The choice of a specific window size is application-dependent. If all landscape features are to be taken into account, from coarse patterns such as patches of low ligneous to degraded pseudo-steppe fine patterns, then a large window size should be considered. Indeed, relationships between combined textural and NDVI indices and landscape metrics were lower as window size decreased (see Figure 12). This is certainly due to the higher probability to get macro-heterogeneity in windows when diminishing their size, which consequently produced noise in regression models. Detailed results of regression prediction for window sizes of 25 m and 50 m are available in Table A1 and Table A2. On the other hand, if degraded pseudo-steppe is of interest, a smaller window size should be then considered for training regression models only on areas with fine grain pattern (i.e., without taking into account windows with macro-heterogeneity).

4.3.2. Influence of Phenology

The airborne campaign corresponding to our images took place in the month of June. Acquisitions during this time of the year lead to optimal contrast between H and LL strata; H is already dry (low NDVI), while ligneous vegetation is still green (high NDVI).
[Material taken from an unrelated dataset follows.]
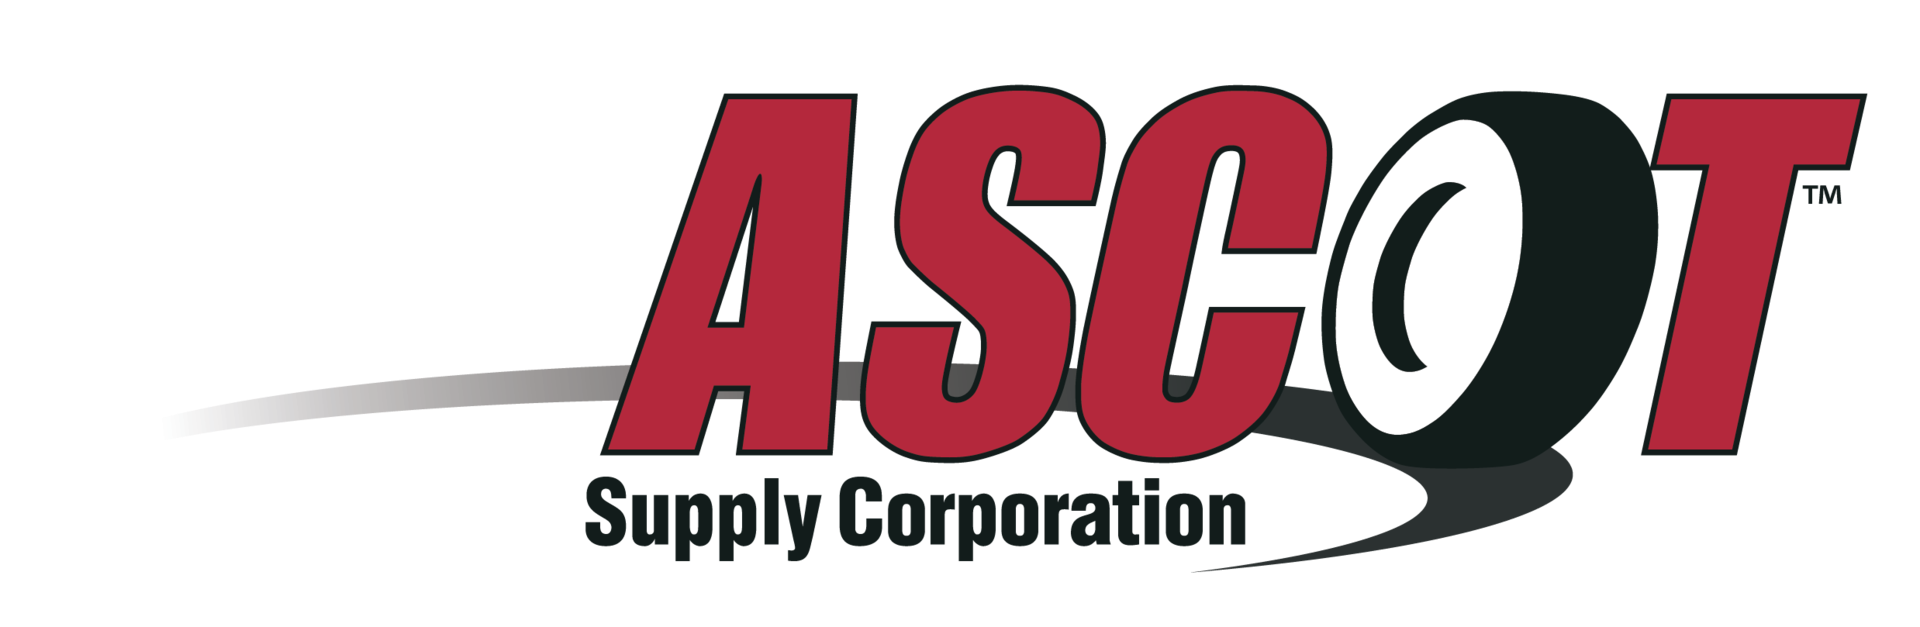 Ascot Supply Co. | Fleet Maintenance

The contrast between vegetation strata would certainly vary using images taken at different seasons, and would result in changes in the predominant patterns evinced by FOTO. For instance, predominant species of HL or LL (respectively Quercus ilex and Quercus coccifera), present an offset in the start of their leaf growth period in early spring [50]. Then, the contrast of NDVI for these strata in images acquired in this season would be enhanced and may allow a better characterization of the structure of mixed habitats of LL and HL. Therefore, combining the results of the current method obtained at different dates might be relevant to finely characterize the structure for all strata. The temporal aspect of this method is a promising lead and should be considered for further investigations.
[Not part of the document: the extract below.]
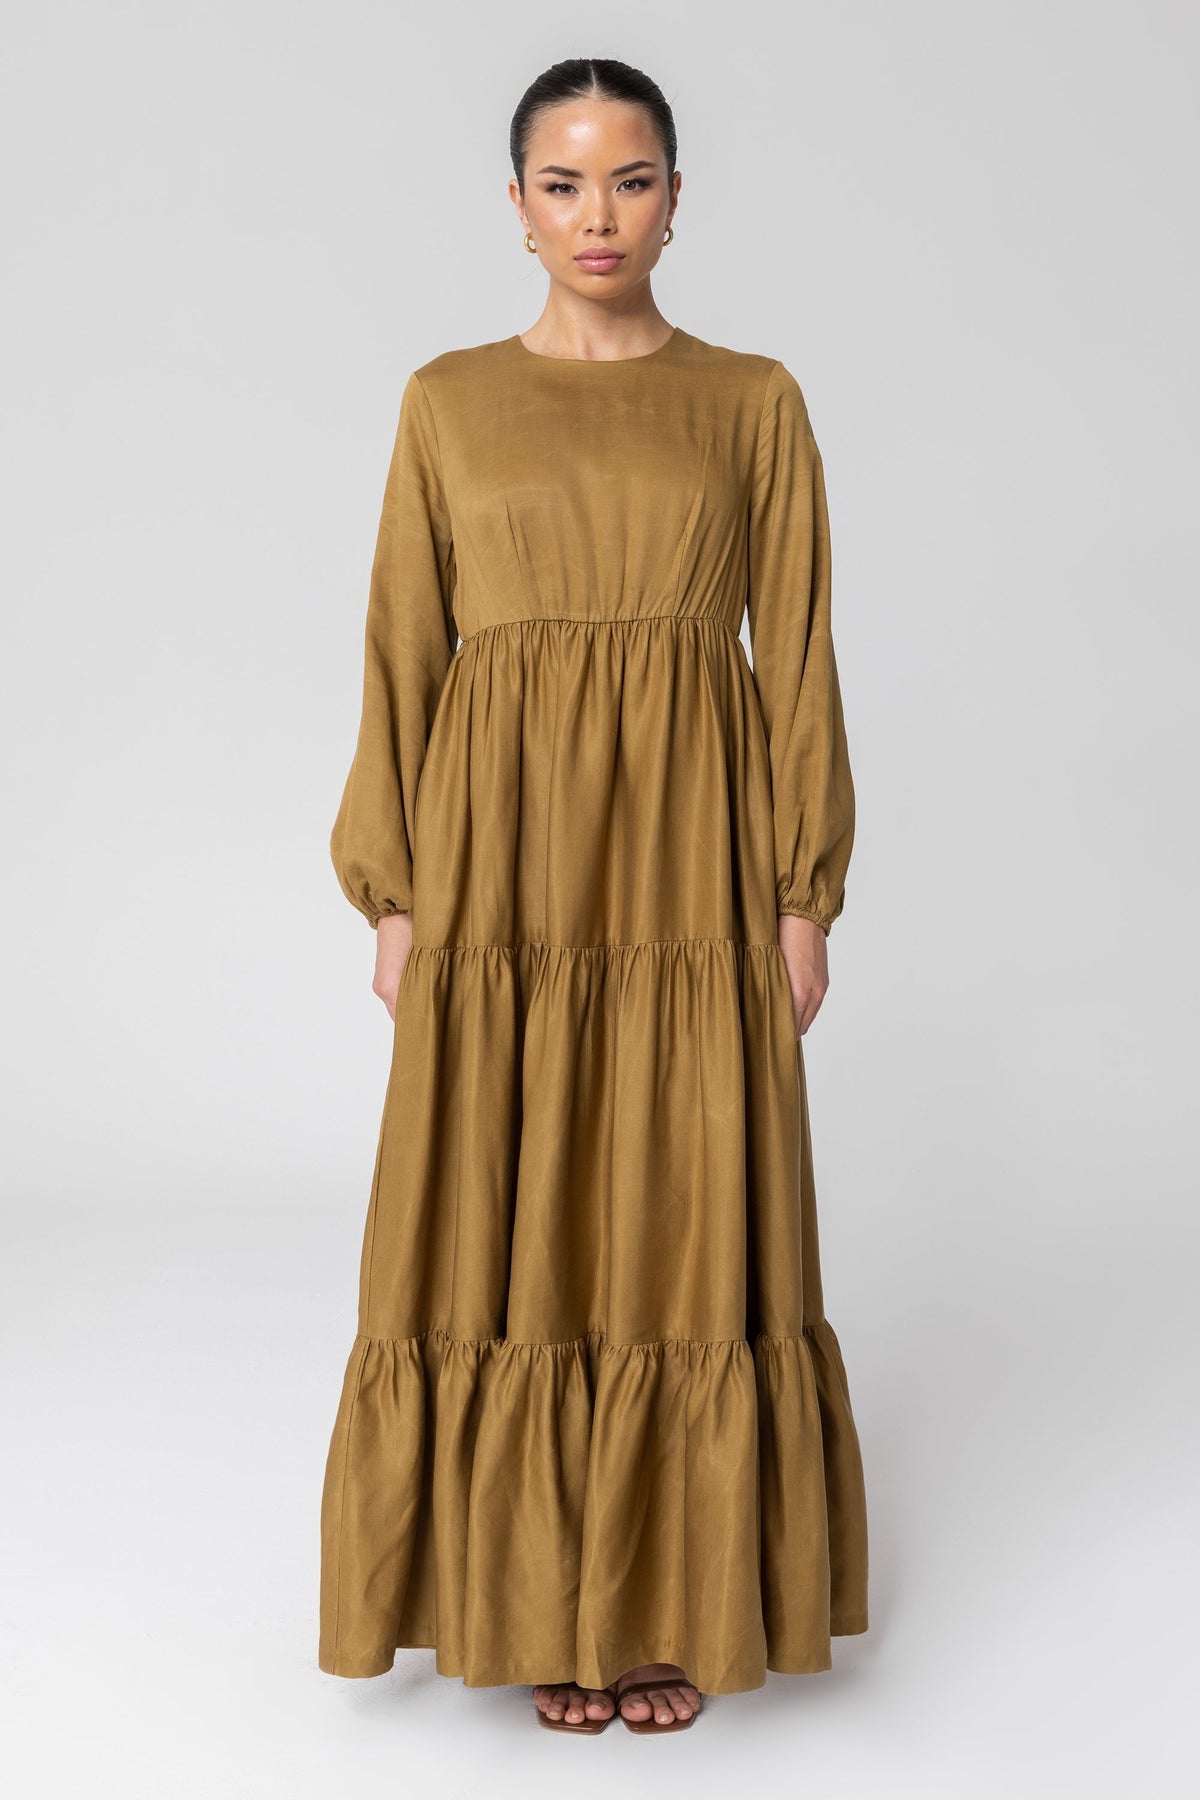 Tala Tiered Linen Maxi Dress - Green Moss Clothing Veiled

4.3.3. Influence of Technical Factors

The spatial resolution of remotely sensed data is expected to strongly influence the results of our method. Here, fine texture related to a degraded pseudo-steppe was characterized accurately with very high spatial resolution (50 cm). We are now testing the influence of downscaling the resolution of these CIR images, and investigating the potential of VHSR satellite imagery, including Pleiades and SPOT 6-7, in order to explore the possibility of linking continuous indices with vegetation structure at equivalent and coarser spatial scales. Finally, the CIR aerial images used in this study were delivered by the IGN with many radiometric and geometric corrections in order to provide homogeneous images at a French department scale. Image radiometry was indeed homogenized by IGN to minimize differences between images of different flights, and they were then combined in a mosaic with enhanced colour and dynamic to get natural colour rendering. However, Proisy et al. [43] highlight that such preprocessing can contribute to increasing noise level and bias frequency analysis, in particular for high frequencies which are of interest to characterize degraded pseudo-steppe habitats. Barbier et.al [51] quantified the variation of FOTO texture indices with acquisition geometry in a tropical forest context, but it remains to be done in the context of Mediterranean landscapes. Besides, scene illumination impacts texture, though this effect results mainly from the relief or tall vegetation and can be mitigated to some extent [52]. Further investigation on the influence of the technical characteristic sensors, particularly spatial resolution and date of acquisition, could warrant the generalizability of the present framework to produce operational indicators of habitat structure and conservation using the FOTO method.

5. Conclusions

Continuous approaches are still not widely used for ecological conservation application, mostly because they are difficult to interpret. However, they present great potential in the characterization of vegetation pattern, especially for highly fragmented/patchy habitats. The present approach proposes the use of three continuous indices, two independent textural indices derived from a Fourier-based ordination and the mean NDVI, as summary indicators of vegetation structure. They show particular potential because they are relatively straightforward while at the same time they do not require the parameterization of a particular classification scheme that can be very expert-demanding and bias the resulting landscape metrics.
The present framework shows great potential in operational monitoring systems for habitat conservation programs. It can be potentially reproduced over large areas with minimal adaptation to the specific context. Hence, it contributes towards the development of generic and simple tools for the monitoring of habitats of high interest. It also seems promising for various other applications, such as fire risk prevention, grazing management, or bird community conservation that also require reliable information on vegetation structure. If produced periodically, this approach can help in the long-term analysis of heterogeneous dynamic habitats such as in the case of Mediterranean ecosystems, which can help to monitor changes in the conservation state of habitat and biodiversity closely related to landscape heterogeneity.

Author Contributions

Conceptualization, M.L., S.A., S.L., N.B. and J.-B.F.; Formal analysis, M.L. and J.-B.F.; Methodology, M.L. and J.-B.F.; Supervision, S.A., S.L., N.B. and J.-B.F.; Visualization, M.L.; Writing—original draft, M.L.; Writing—review & editing, S.A., S.L., N.B. and J.-B.F.

Acknowledgments

Marc Lang received a fellowship from IRSTEA (French National Research Institute of Science and Technology for Environment and Agriculture). The authors also thank the French Ministère de la Transition Ecologique et Solidaire (MTES) for financial support.

Conflicts of Interest

The authors declare no conflict of interest.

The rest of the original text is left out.